Perhaps no other single issue stands out in a waste company owner’s mind more than the safety and security of employees. Good waste management employers are serious about safety.
They provide safety training so that their employees can identify hazards, and they have a safety program to deal with safety issues as they arise.
According to Rush Akin, sales director, government at Lytx, a company that offers fleet safety solutions that can help detect the subtle signs of distracted and drowsy driving in real time. Being a waste or recycling driver is among the top 10 most dangerous professions in the U.S.
“It’s every organization’s goal to get their drivers home safely at the end of the day and to help protect the communities they serve,” Akin said. “That means keeping them free from distractions while driving, and being aware of what’s happening in and around their vehicle to avoid hazards in the pursuit of their duties.”
“After spending over 25 years in the solid waste industry, a major issue facing the industry is driver distraction,” said William Cole, lead safety advisor for Advantek Waste Management Services. “More and more people are driving, talking, texting, checking e-mails and doing other things rather than focusing on their surroundings. Driving takes 100 percent focus all the time on what is going on outside the vehicle. A driver never knows what may happen at any given second and needs to be ready to react to any unanticipated event, not looking down at a phone.”
“The shortage of drivers is due to a lot of reasons – lower fuel prices, the steady economy, and online shopping just to name few. These factors have also added more freight to the roadways,” Cole said. “That, along with aging drivers and a new generation that is reluctant to enter the field, has contributed to driver shortage and this will continue to be an issue.”
In addition to driver distraction and unqualified drivers, waste management collection drivers also face a myriad of hazards on the road, including being hit by careless drivers. As a result, more and more cities are passing “slow down” ordinances around recycling and waste collection vehicles.

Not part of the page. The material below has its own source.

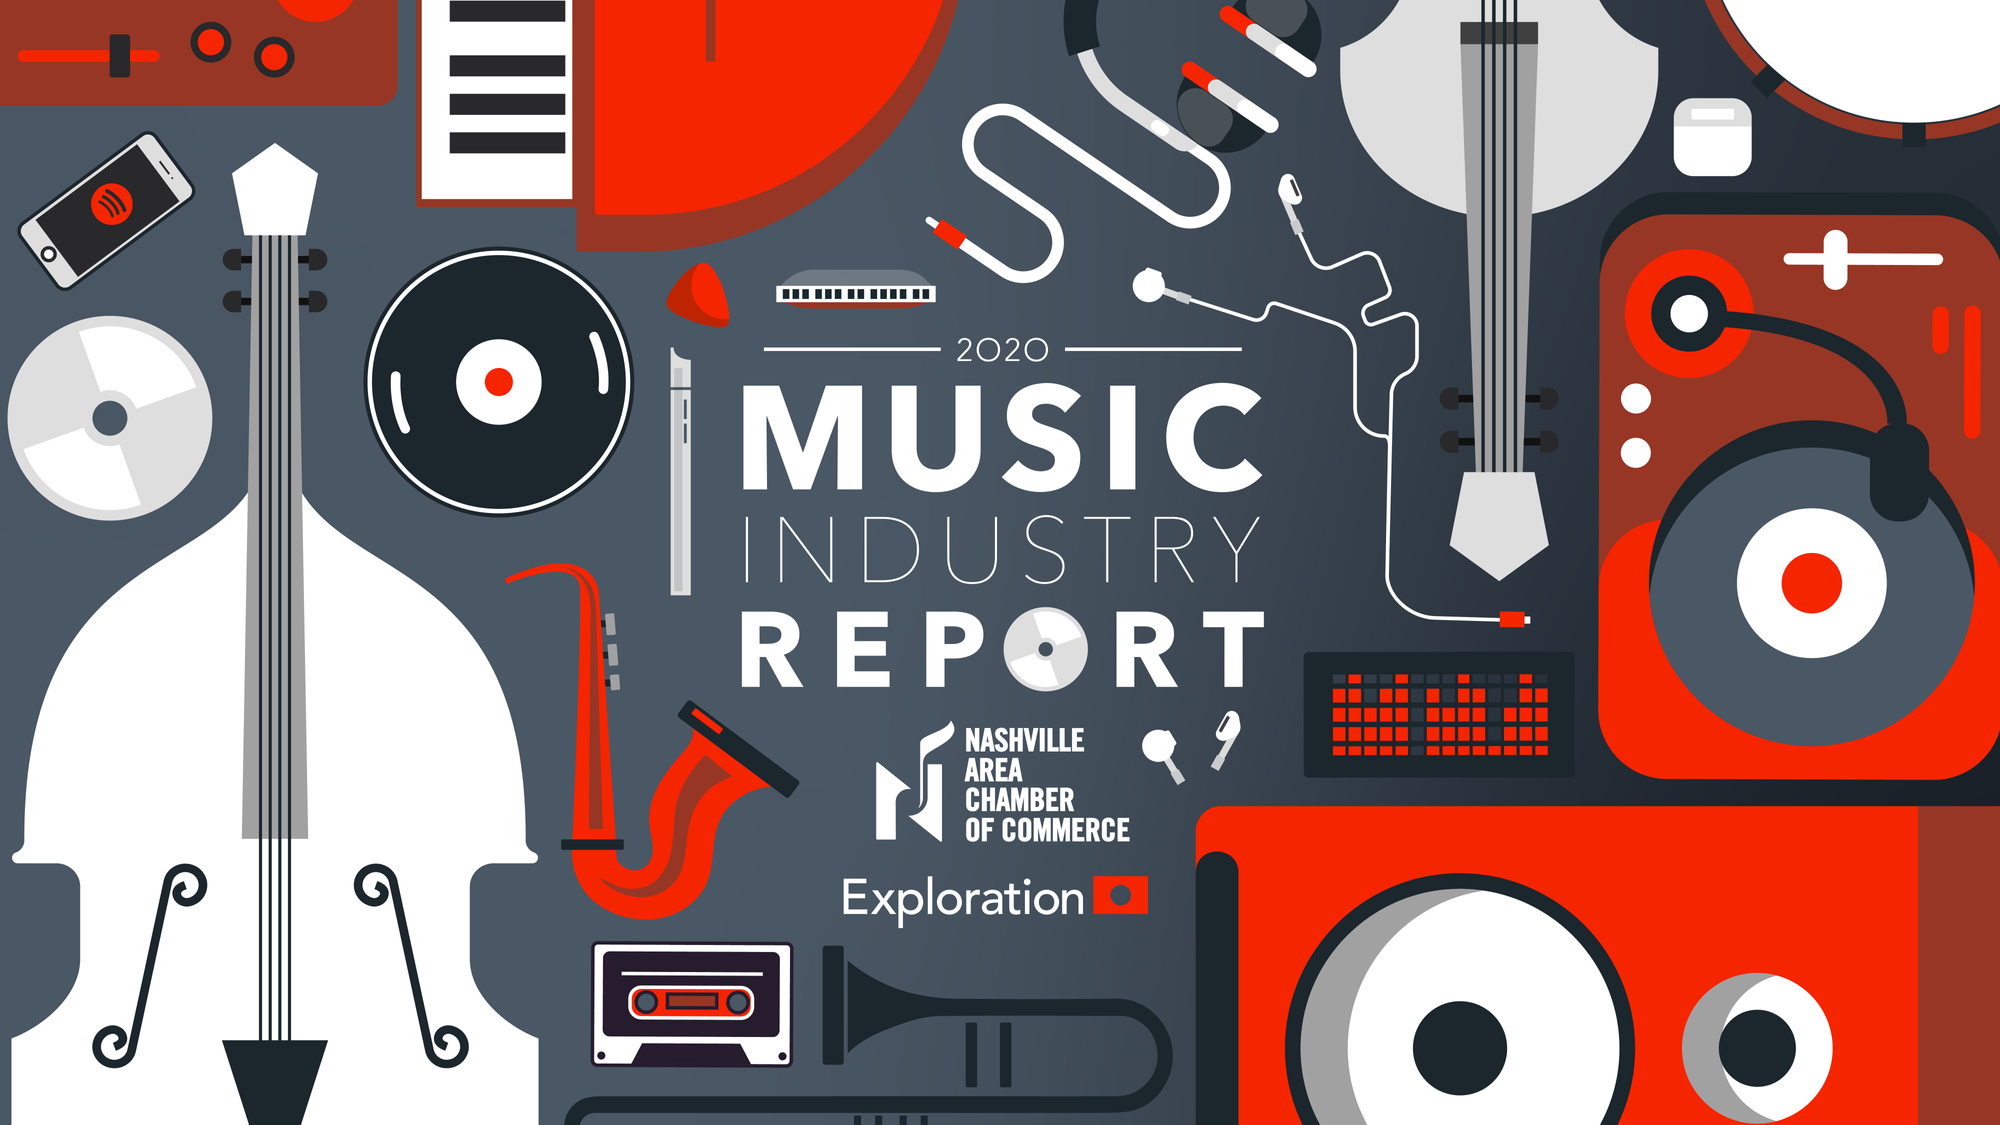 Exploration Presents...The Music Industry Report – 2020 / California Copyright Conference Dec. 1 "The MLC" / Happy Thanksgiving to You and Yours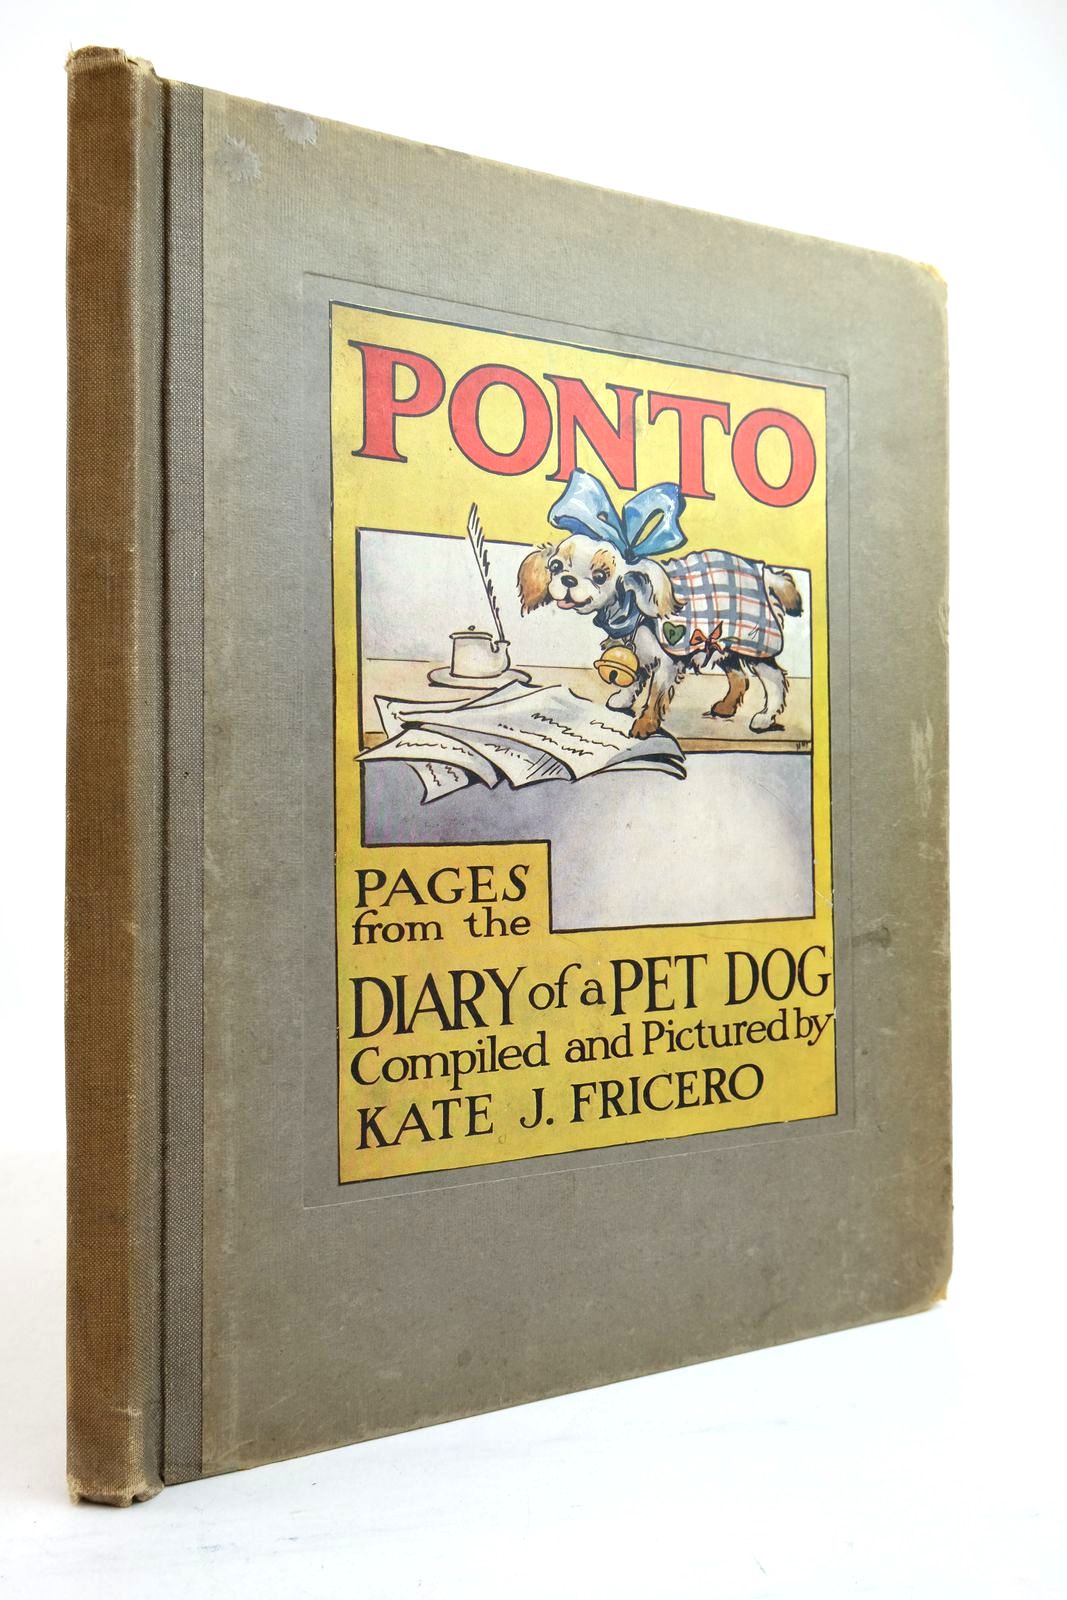 Photo of PONTO PAGES FROM THE DIARY OF A PET DOG- Stock Number: 2134713

This initiative, Slow Down To Get Around, was originally developed by the National Waste and Recycling Association (NWRA) in conjunction with Rumpke Consolidated and McNeilus Companies.
Cole said the initiative was in response to a tragic accident involving one Rumpke employee who was killed and another accident involving a Rumpke employee who was severely injured. Both accidents were the result of careless driving.
As the NWRA explained, the goal of the program is to “remind motorists to drive more carefully when near waste and recycling collection vehicles. Being struck by motorists is a leading cause of death for waste and recycling collection employees, and with proper awareness, is completely preventable.” In 2013, the association began its public awareness campaign by various public service announcements in several media markets. In addition, Slow Down to Get Around decals are available for haulers and local governments to affix to their trucks.
There is a big push from national organizations such as NWRA and the Solid Waste Association of North America (SWANA) to share what is working among the industry, to learn from companies that are performing well in safety and share those best practices with those that are not.
“Also, NWRA holds three nationwide stand downs each year to raise awareness in certain areas,” Cole said. “For example, Safety Stand Down Back to School was held in late August make sure drivers in the solid waste industry were aware of more traffic on the road due to school starting and kids waiting for the school buses. These stand downs are a weeklong focus to raise awareness.”
Lytx supports both SWANA’s and NWRA’s Slow Down to Get Around awareness programs.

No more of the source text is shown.